Premier David Eby has reached the half-way point of his 100-day launch plan, and while he’s racked up an impressive list of accomplishments so far, he’s also a long way away from hitting the high bar he set for himself at the start.
Eby surpassed 50 days as B.C.’s 37th premier this weekend. He’s expected to speak about his accomplishments on Monday and throughout the week.
No one can accuse Eby of resting on his laurels. He has, instead, presided over the largest and most ambitious shift in government policy since the BC NDP first took office in 2017.
Among the changes: New BC Hydro and affordability credits (which began landing in bank accounts last Thursday), a public safety and prolific offenders plan, the elimination of rental restrictions in stratas, new housing rules for municipalities, new funding for the RCMP, a reversal of unpopular autism changes for children, a boost to foreign-trained doctors, a new medical school, a freeze on ICBC insurance rates, new funding for the residential tenancy branch and an announcement Monday on new resources for overworked nurses.
Along the way, Eby installed a new cabinet, launched B.C.’s first dedicated Ministry of Housing, and reset the leadership of the civil service.
All that, in roughly 50 days – including two weeks off for Christmas holidays.
It’s a boastworthy list.
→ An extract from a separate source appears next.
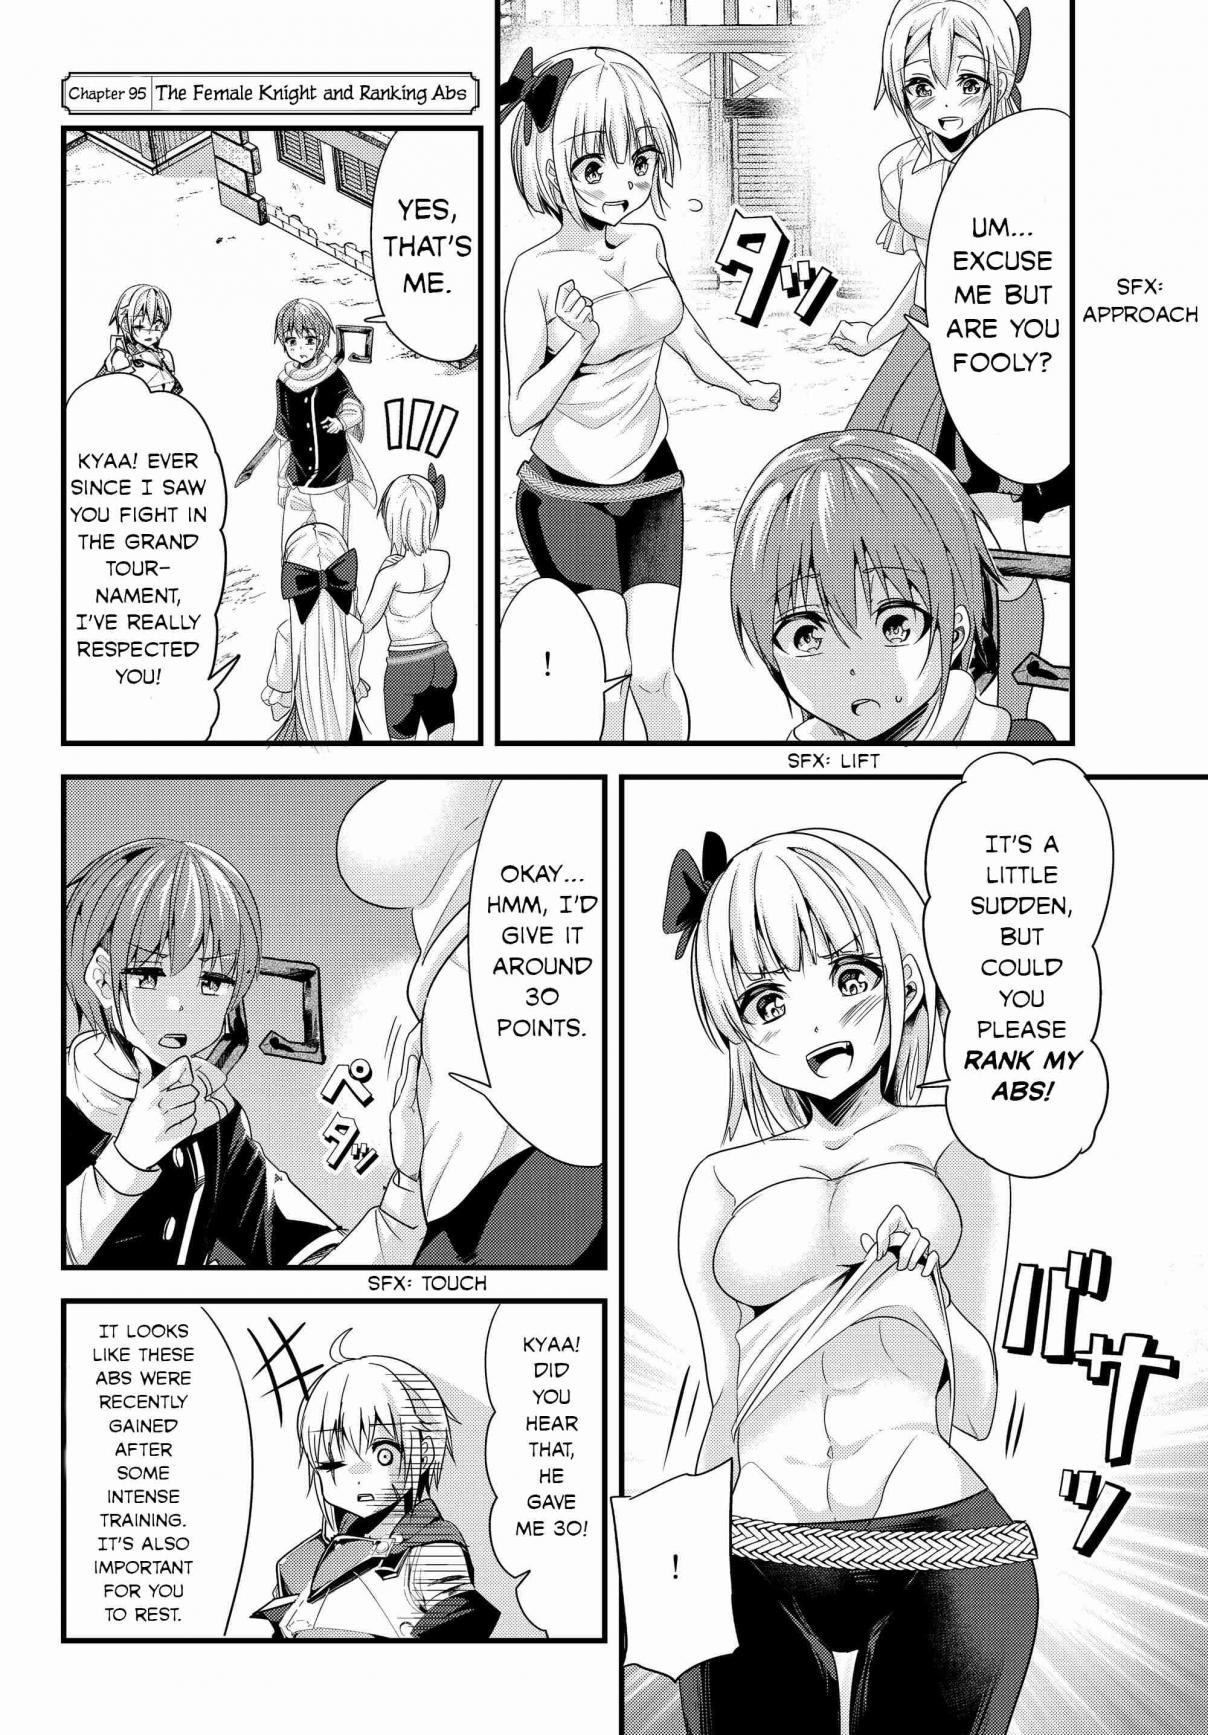 A Story About Treating a Female Knight, Who Has Never Been Treated as a Woman, as a Woman Ch. 95 The Female Knight and Ranking Abs
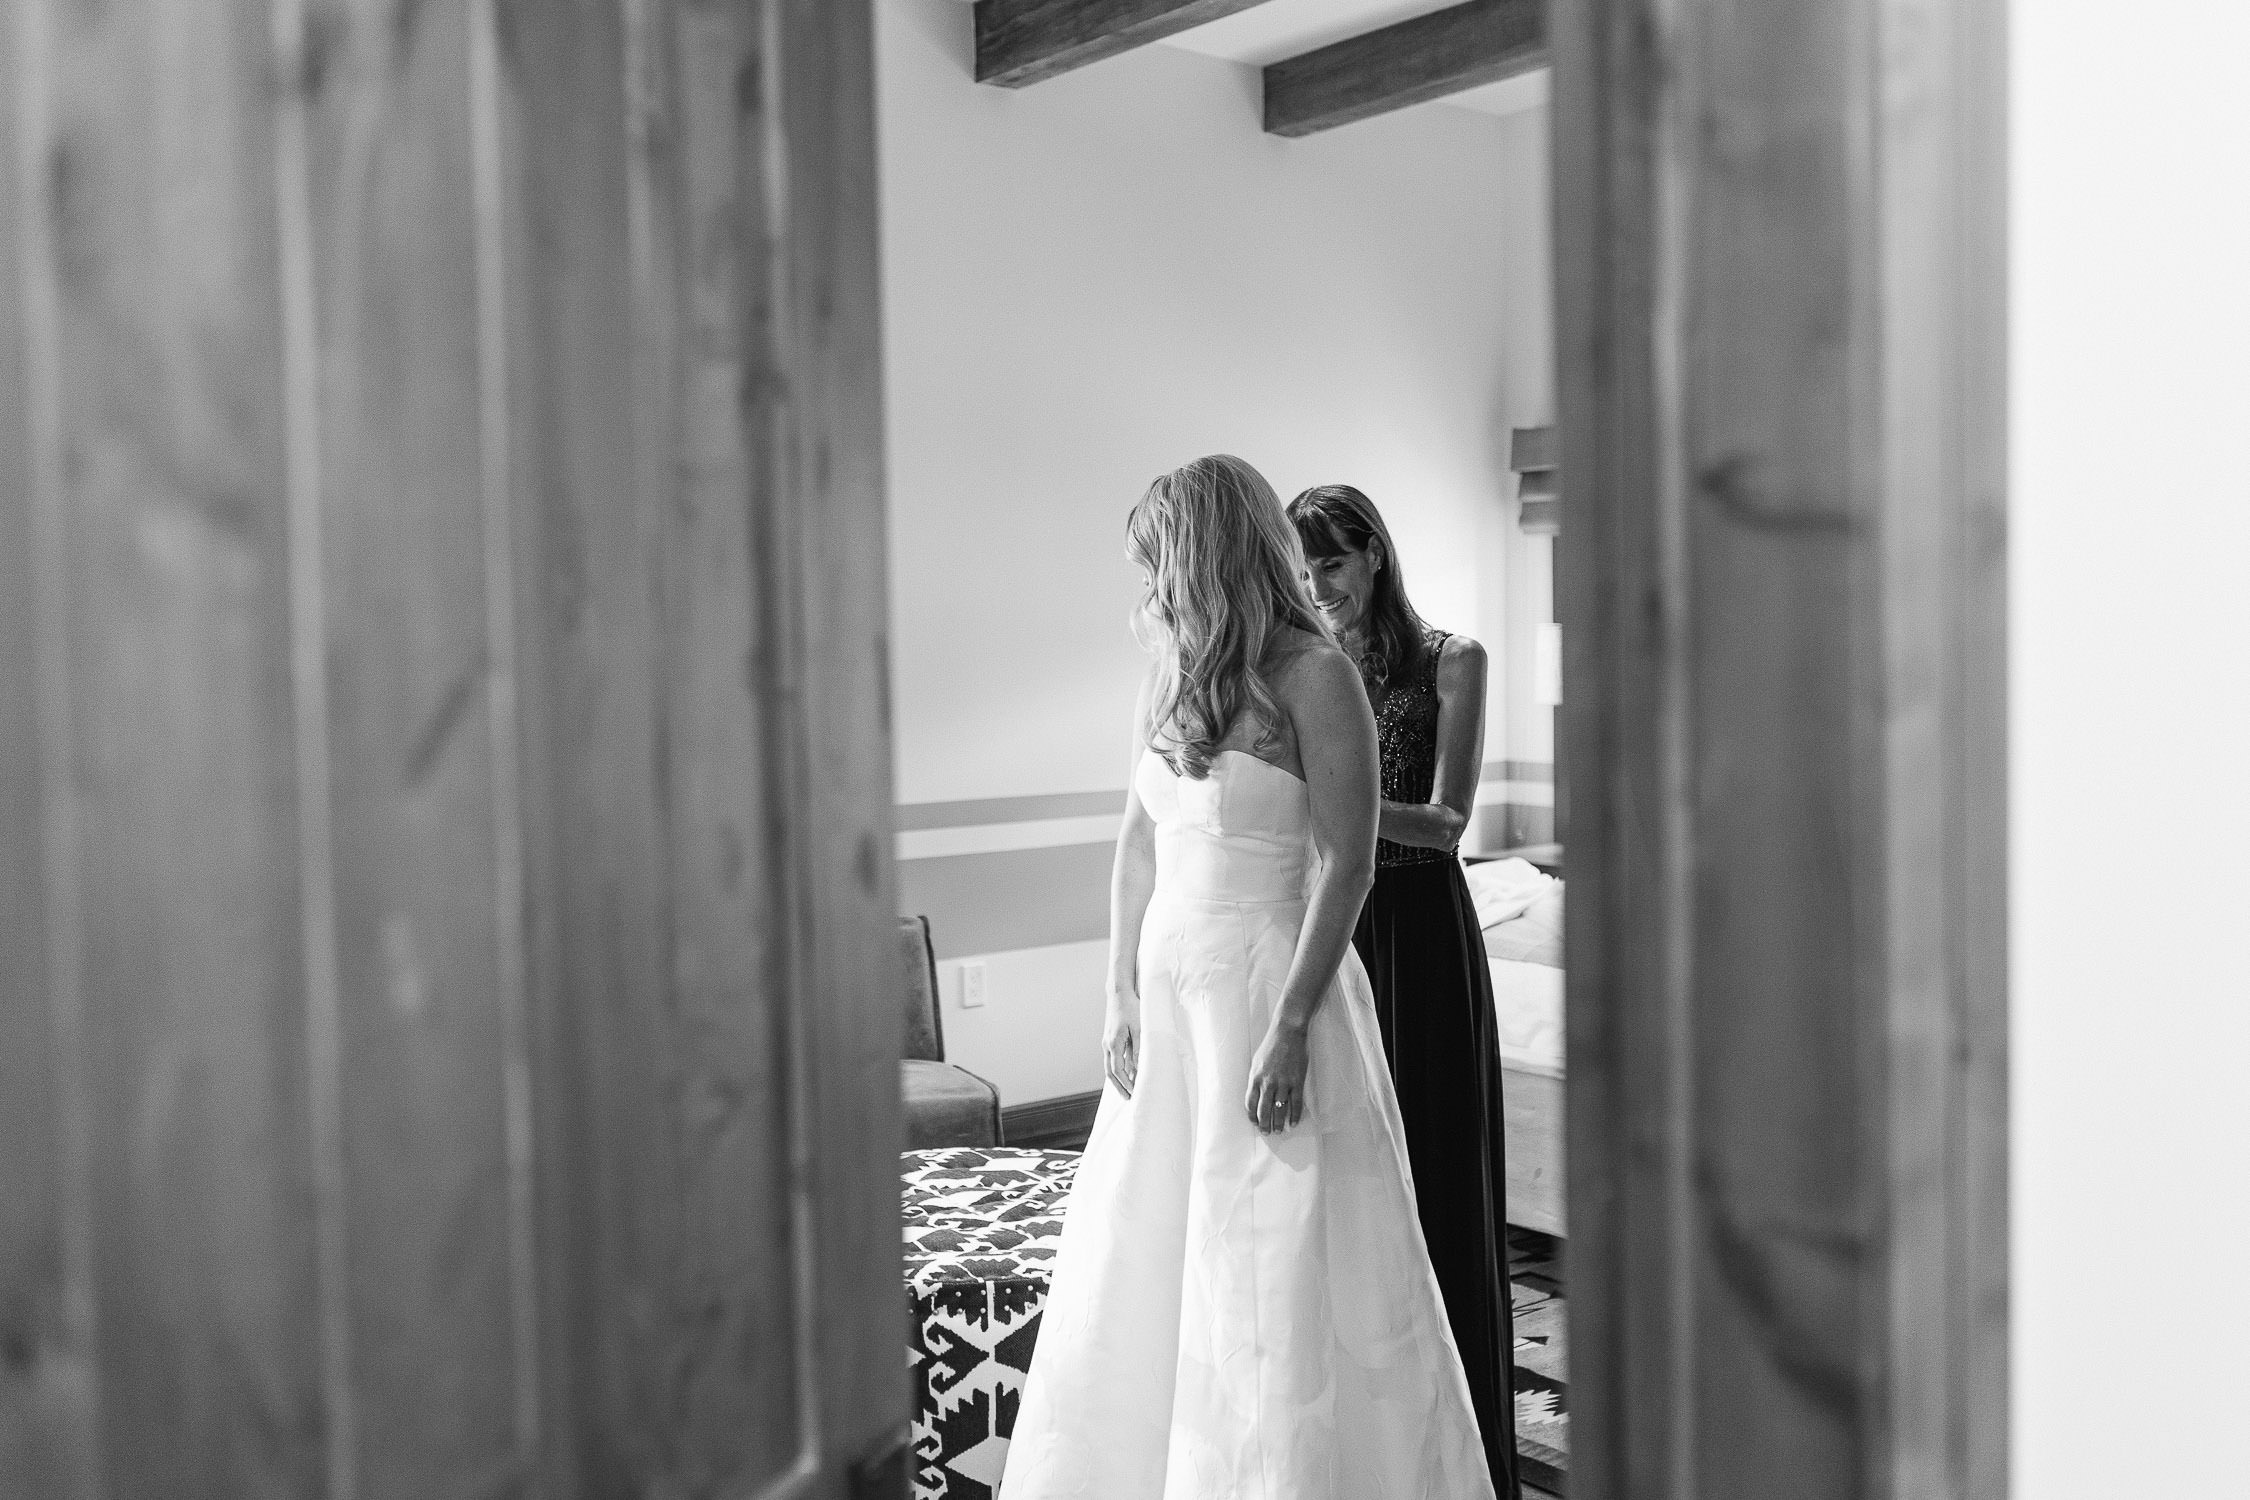 Black and white images of mother zipping up her daughter's dress on her wedding day.

Eby is expected to round it out this month with extra funding for First Nations land management, and a more ambitious plan to protect additional old-growth forests.
But the size of the list of his accomplishments is, in many ways, irrelevant.
That’s because Eby set his own clear markers for how the public should judge his performance – visible, tangible improvements on key files like housing, health care, the environment, homelessness and public safety.
Those changes, he said, will start during his 100-day plan and carry through to next year’s scheduled provincial election.
“At the end of those 100 days, you will have seen announcements, activity from government, focused on delivering results for British Columbians, that set out the groundwork for how, in the next two years, we are going to deliver significant change for British Columbians,” Eby said when he first unveiled the plan on Oct. 21.
“What I want our team to deliver over the next 18 months to two years for British Columbians are real, concrete things that they can see, that they can touch, that show them the direction that we're going,” Eby added at his swearing-in on Nov. 18.
“The big indicator that we are headed in the right direction is when British Columbians look at their downtowns, and when they travel into town to do some shopping or whatever, that they feel safer in their communities,” Eby said at his public safety announcement on Nov. 20.
Measured in those ways, the premier’s progress is less impressive.
Crime, vandalism and tent encampments have changed little, if at all, especially in Vancouver’s Downtown Eastside.
Affordability continues to get worse, as new provincial aid falls short of meeting the pressures of rising inflation and interest rates.
The overdose crisis continues, unabated. Housing and rent is still wildly unaffordable for many.
And health care remains on emergency footing due to COVID-19 and the flu, exacerbated by overwhelmed emergency rooms and a national shortage of cold medication for children.
You’d be hard-pressed to point to visible real-world progress in any of those areas, half-way into the 100-day plan. It’s unlikely to get much better by the full 100-day mark, on Feb. 26.
You might think there’s a political risk to a premier promising meaningful change within a specific timeline, and then failing to deliver.
But the masterful thing about Eby’s plan is that it ends just two days before the Feb. 28 provincial budget. There won’t be much interest in stopping to analyze the real-world impact (or lack thereof) from an old plan when the premier has already pivoted into announcing billions of dollars of shiny and exciting new things in a fresh budget.
Viewed that way, the 100-day plan is kind of pointless. It’s an impressive series of political announcements that at the half-way point has yet to coalesce into much real-world change. Until that happens, despite the long list of accomplishments, it remains mostly meaningless for ordinary British Columbians.
Rob Shaw has spent more than 14 years covering B.C. politics, now reporting for CHEK News and writing for Glacier Media. He is the co-author of the national bestselling book A Matter of Confidence, and a regular guest on CBC Radio.